F8 Represents stock options granted to Joshua Tamaroff in his capacity as a director of the Issuer, which stock options vest in three substantially similar annual installments beginning on November 1, 2023. Mr. Tamaroff is a partner at an affiliate of the Avista Affiliates and has assigned all rights, title and interest in such stock options to an affiliate of the Avista Affiliates controlled by Mr. Dean and Mr. Burgstahler. The Avista Affiliates are each "directors by deputization" for the purposes of Section 16 of the Securities Exchange Act of 1934, as amended. Each of the Avista Affiliates and Josh Tamaroff may be deemed to beneficially own the securities reported on this line item to the extent of their respective pecuniary interests. Each of the Avista Affiliates and Josh Tamaroff disclaims beneficial ownership of the securities reported on this line item, except to the extent of their pecuniary interest therein, if any.
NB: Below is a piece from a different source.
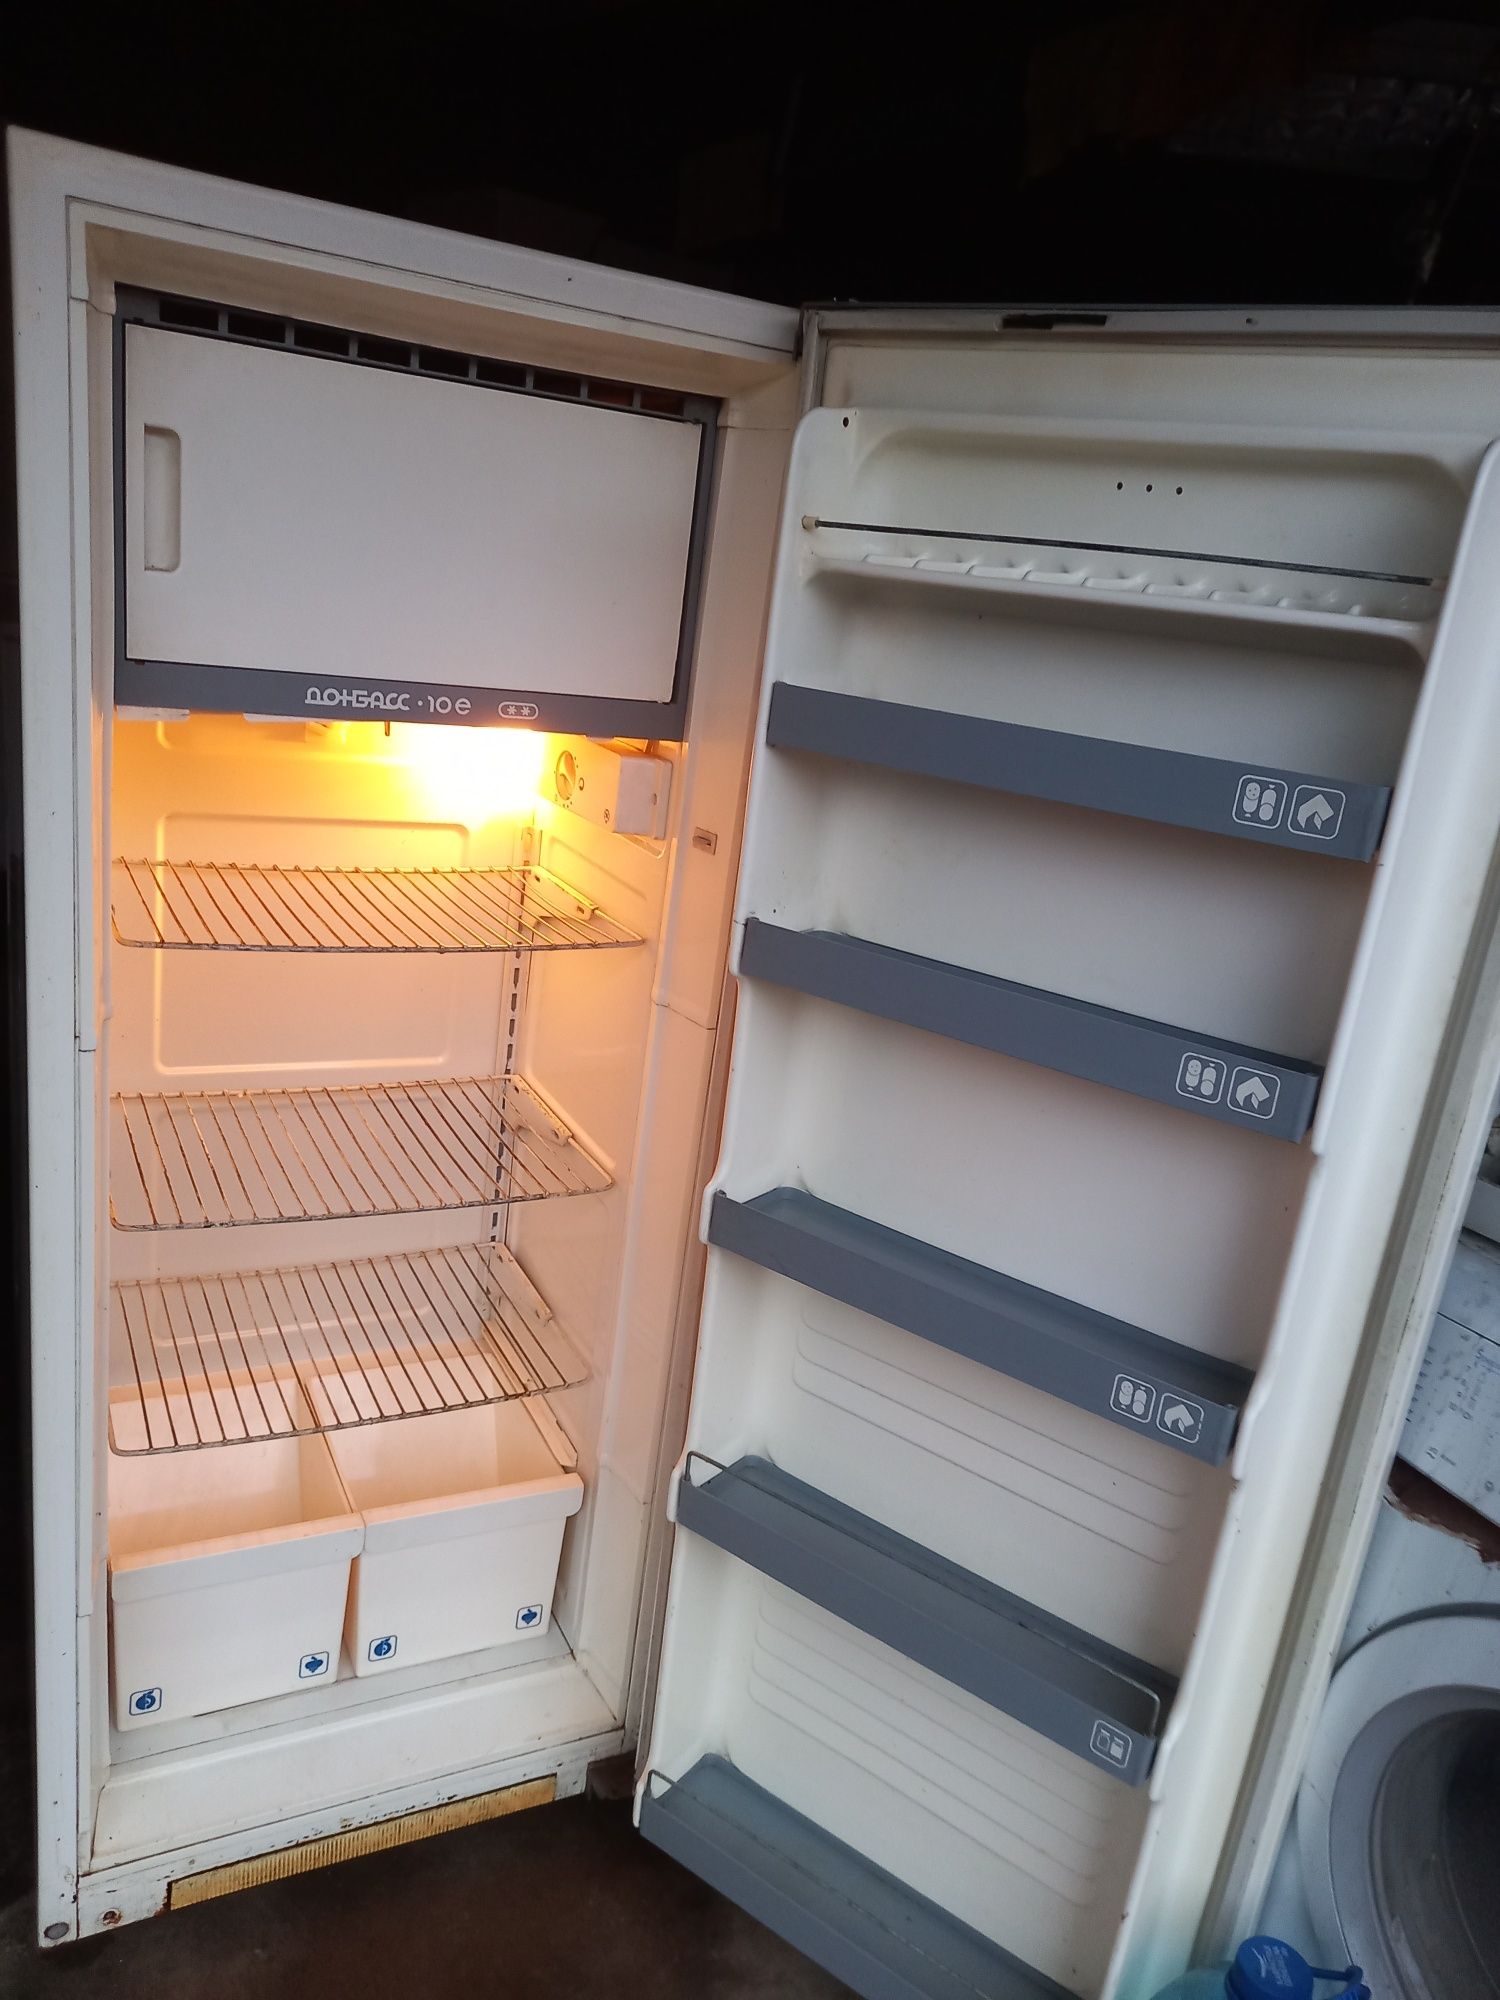 Холодильник "Донбасс-10е"

F9 In connection with the completion of the Issuer's August 2021 initial public offering, Avista Sponsor purchased 8,233,333 warrants in a private placement from the Issuer, each exercisable to purchase (subject, initially, to the satisfaction of certain material conditions) one Class A ordinary share, par value $0.0001 per share, of the Issuer for $11.50 per share. The material conditions to exercise were satisfied upon the closing of the transactions contemplated by the Merger Agreement (the "Closing"), and the warrants by their terms became exercisable (including by cash settlement) on December 1., 2022.
F10 In connection with the Amended and Restated Forward Purchase Agreement, dated March 23, 2022, by and among the Issuer, Avista Sponsor and OmniAb, Inc.(the "A&R Forward Purchase Agreement"), Avista Sponsor purchased an aggregate 3,112,156 warrants in private placements from the Issuer, each exercisable to purchase (subject, initially, to the satisfaction of certain material conditions) one share of common stock, par value $0.0001 per share, of the Issuer for $11.50 per share. The material conditions to exercise were satisfied on the Closing, and the warrants by their terms became exercisable (including by cash settlement) December 31, 2022.

Remarks:

Exhibit 24.1 (Power of Attorney) and Exhibit 99.1 (Joint Filer Information and Signatures) are hereby incorporated by reference herein.